Question. If \( n(A \cap B^C) = 5, n(B \cap A^C) = 6, n(A \cap B) = 4 \) then the value of \( n(A \cup B) \) is
(a) 18
(b) 15
(c) 16
(d) 17
Answer: (b) 15
Hint: \( n(A) = n(A \cap B) + n(A \cap B^C) = 4 + 5 = 9 \). \( n(B) = n(A \cap B) + n(B \cap A^C) = 4 + 6 = 10 \). \( n(A \cup B) = n(A) + n(B) - n(A \cap B) = 9 + 10 - 4 = 15 \).
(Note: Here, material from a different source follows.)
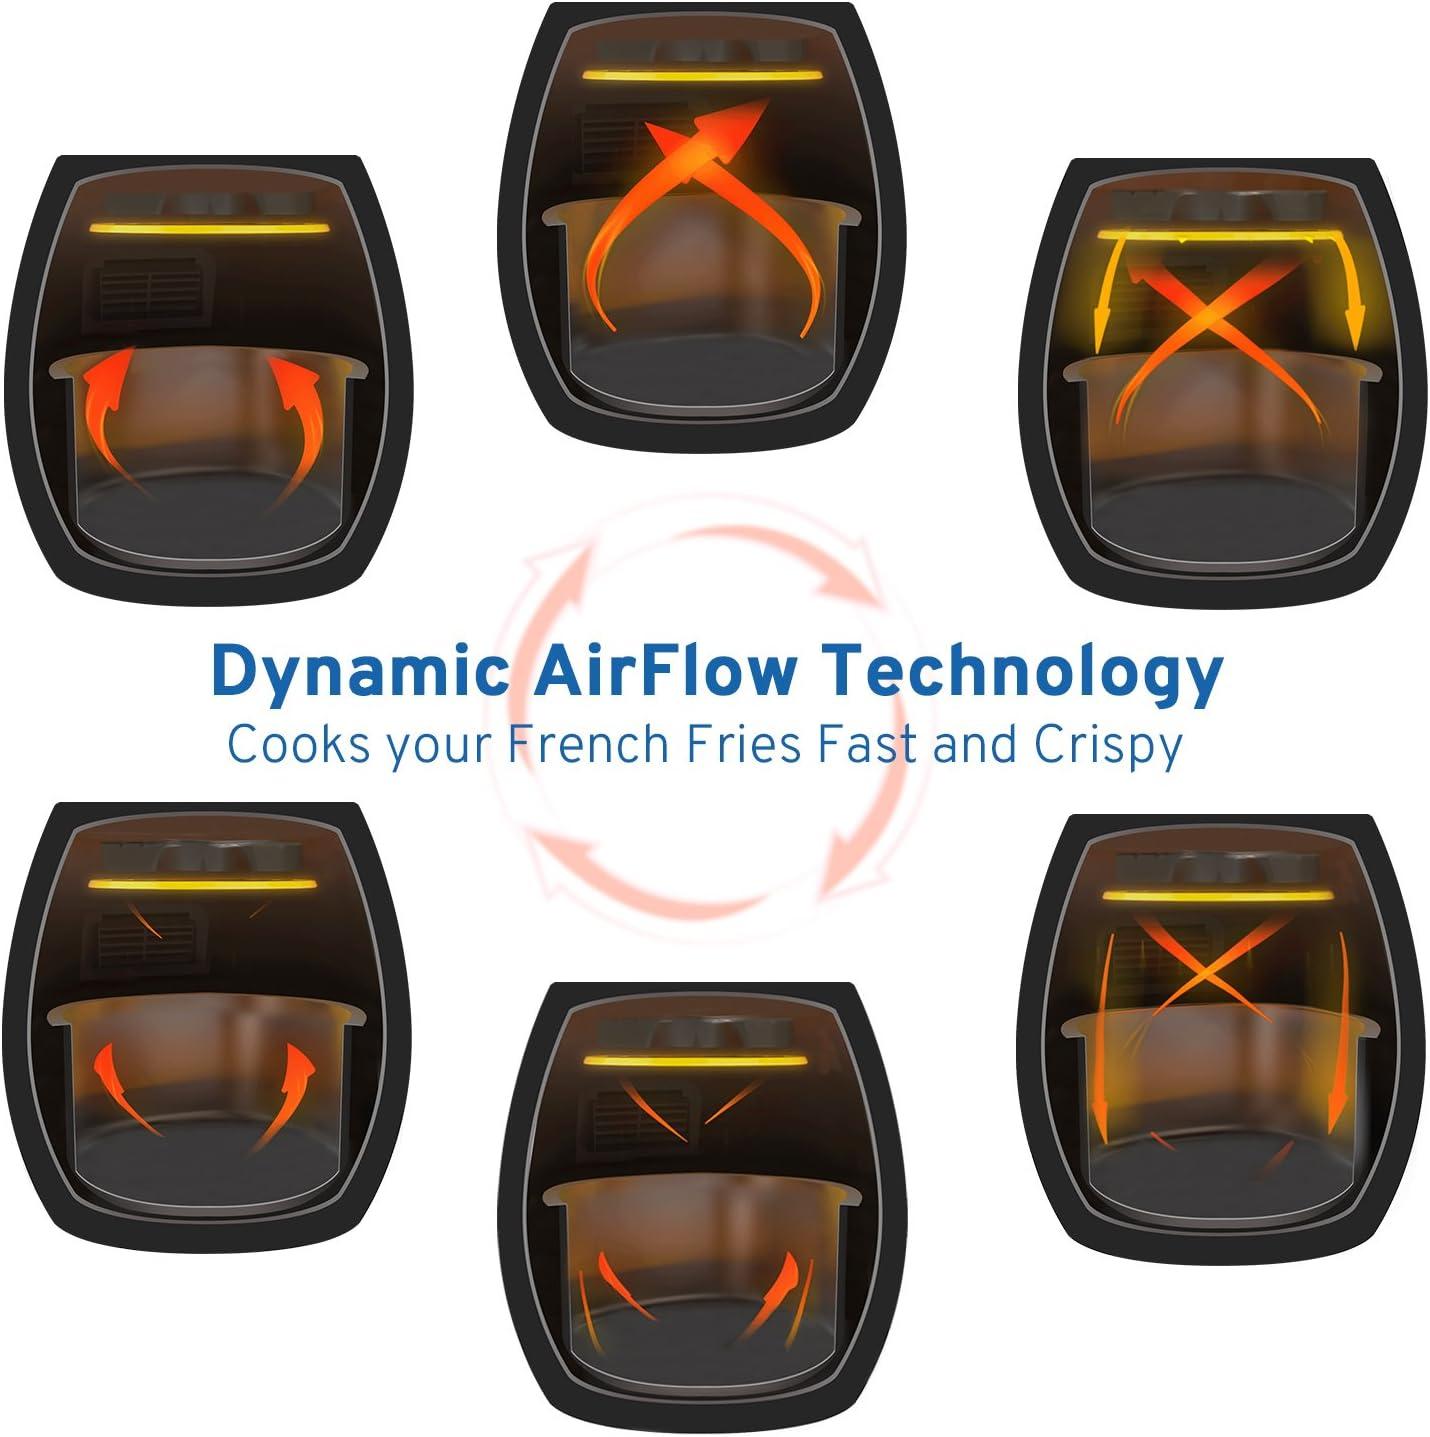 dynamic airflow technology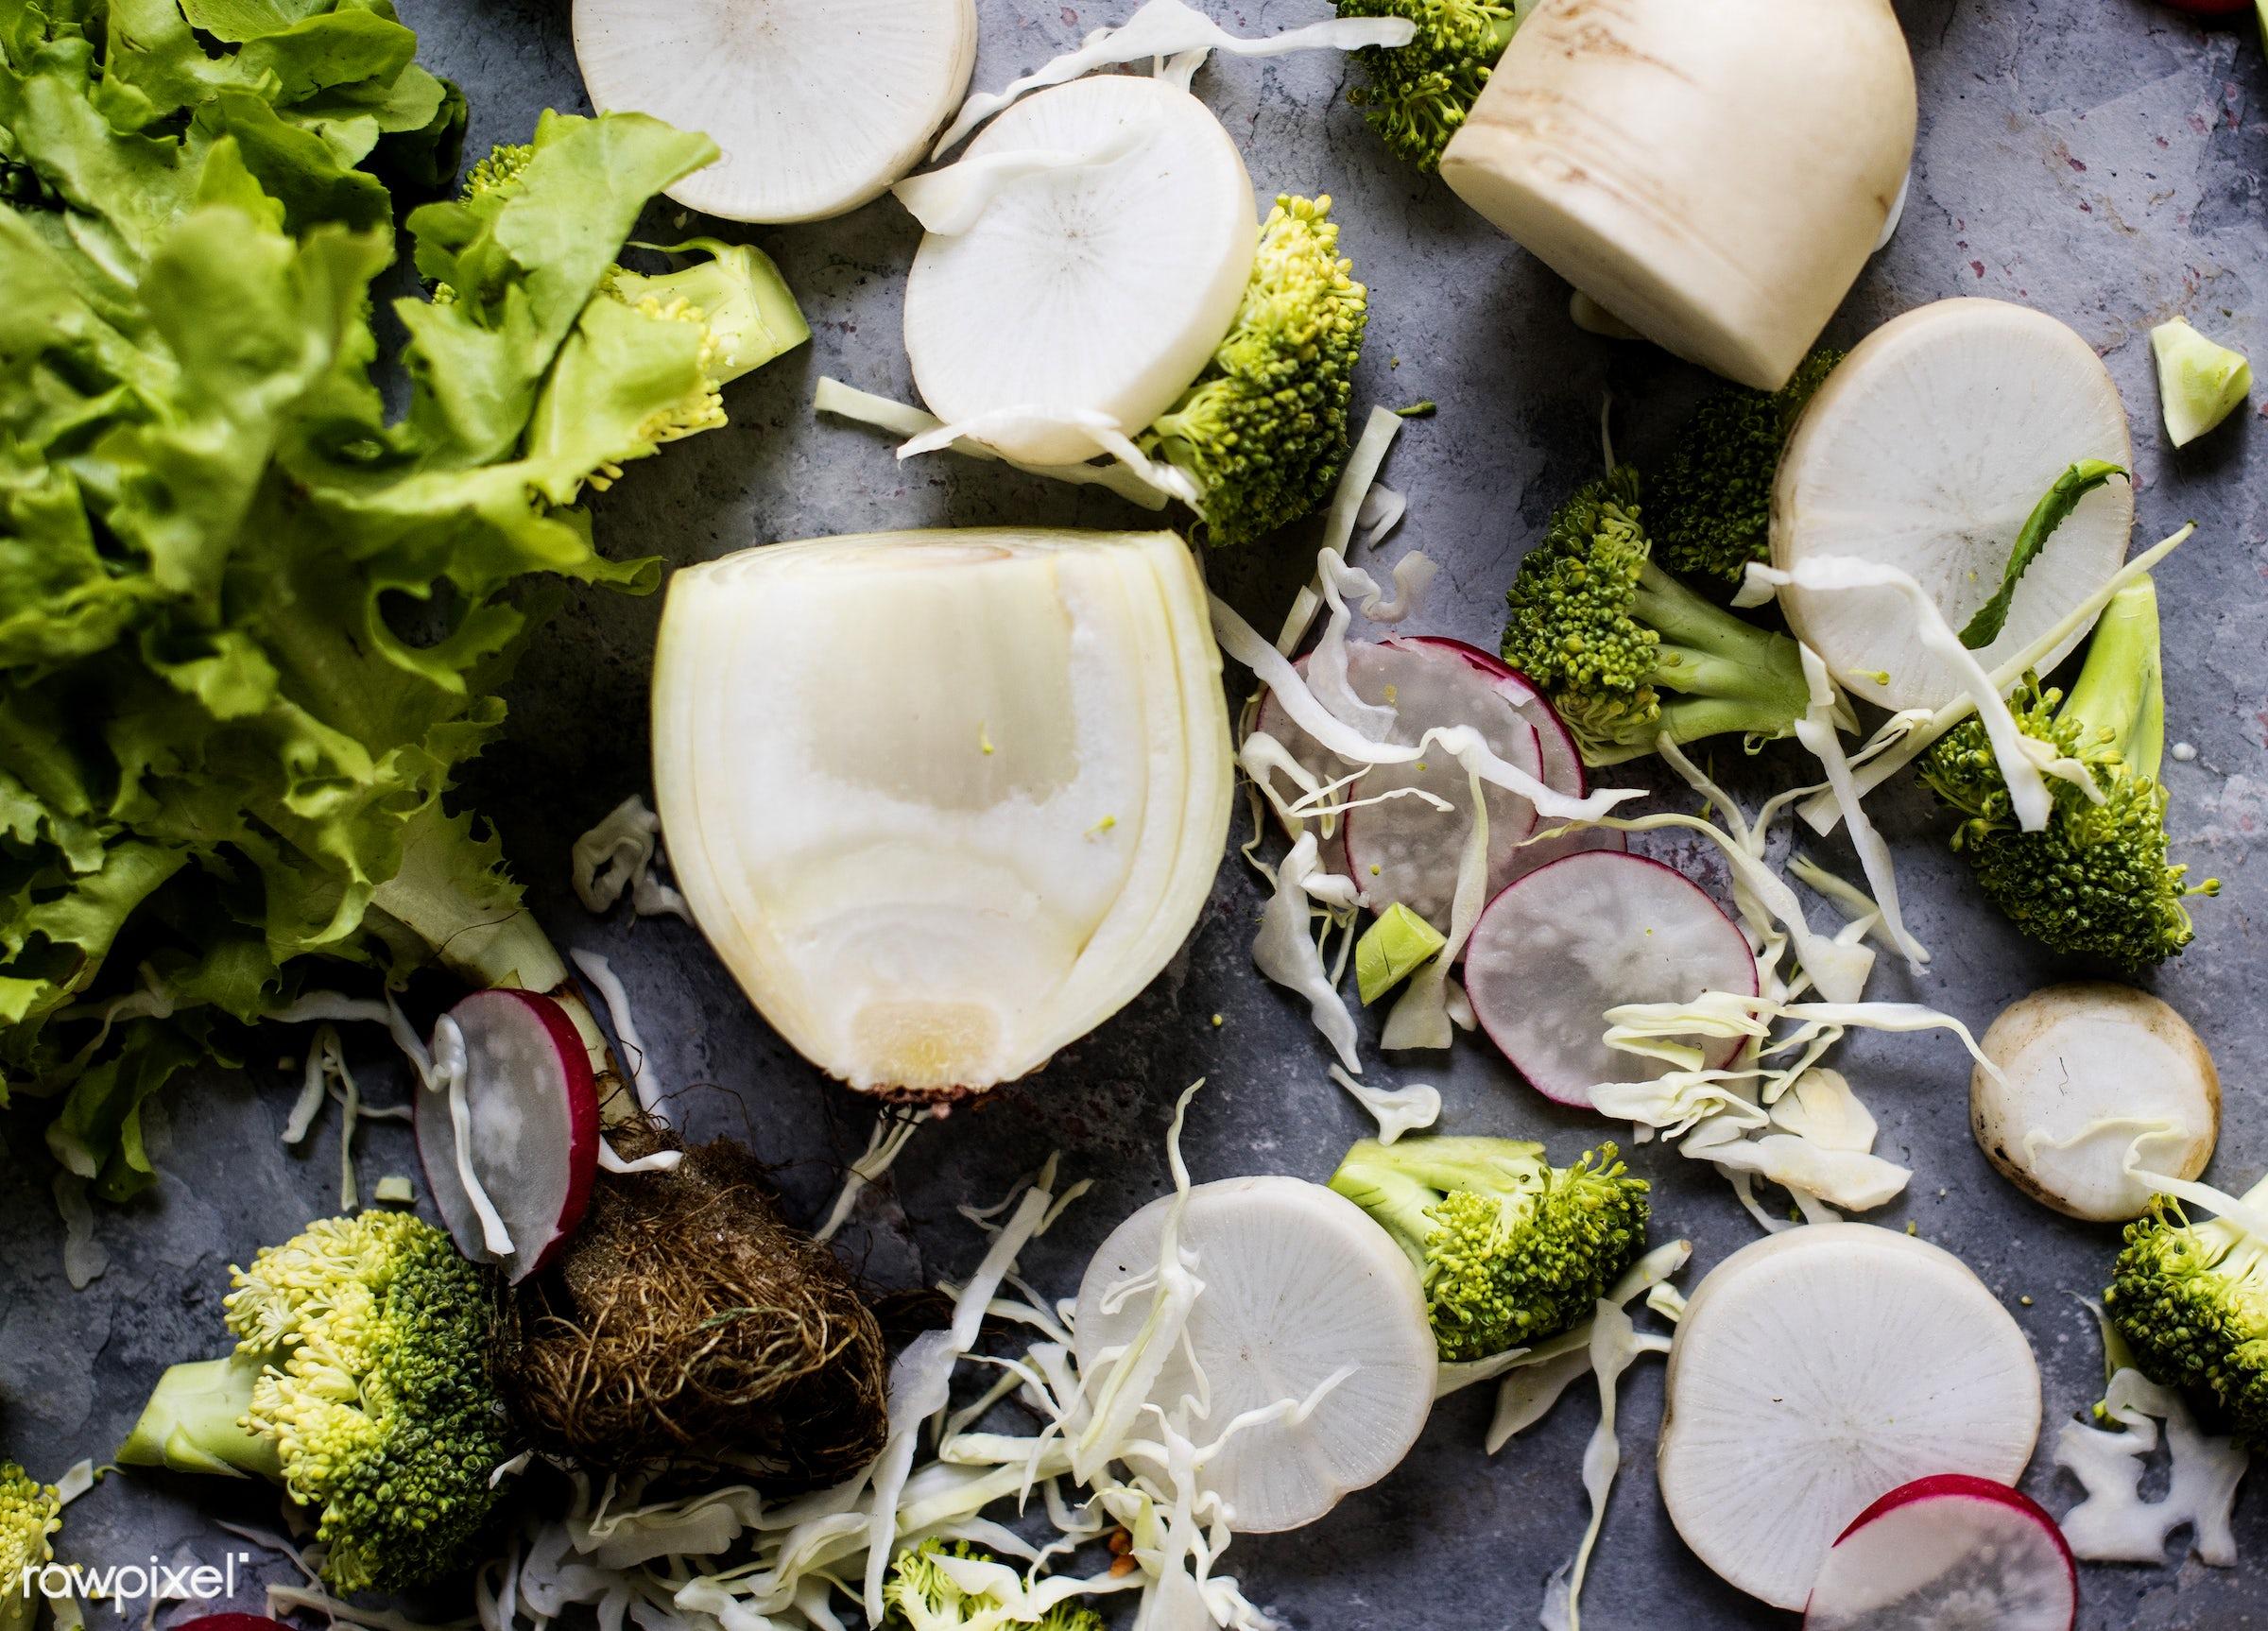 raw, turnips, gastronomy, fresh, vegetarian, cooking, ingredient, gourmet, nourishment, vegetables, culinary, veggies,...

Question. Let \( n(A-B) = 25+X, n(B-A) = 2X \) and \( n(A \cap B) = 2X \). If \( n(A) = 2(n(B)) \) then 'X' is
(a) 4
(b) 5
(c) 6
(d) 7
Answer: (b) 5
Hint: \( n(A) = n(A-B) + n(A \cap B) = 25 + X + 2X = 25 + 3X \). \( n(B) = n(B-A) + n(A \cap B) = 2X + 2X = 4X \). Given \( n(A) = 2n(B) \implies 25 + 3X = 2(4X) \implies 25 + 3X = 8X \implies 5X = 25 \implies X = 5 \).

Question. Of the members of three athletic teams in a school 21 are in the cricket team, 26 are in the hockey team and 29 are in the football team. Among them, 14 play hockey and cricket, 15 play hockey and football, and 12 play football and cricket. Eight play all the three games. The total number of members in the three athletic teams is
(a) 43
(b) 76
(c) 49
(d) 53
Answer: (a) 43
Hint: \( n(C \cup H \cup F) = n(C) + n(H) + n(F) - [n(C \cap H) + n(H \cap F) + n(F \cap C)] + n(C \cap H \cap F) \). \( = 21 + 26 + 29 - [14 + 15 + 12] + 8 = 76 - 41 + 8 = 43 \).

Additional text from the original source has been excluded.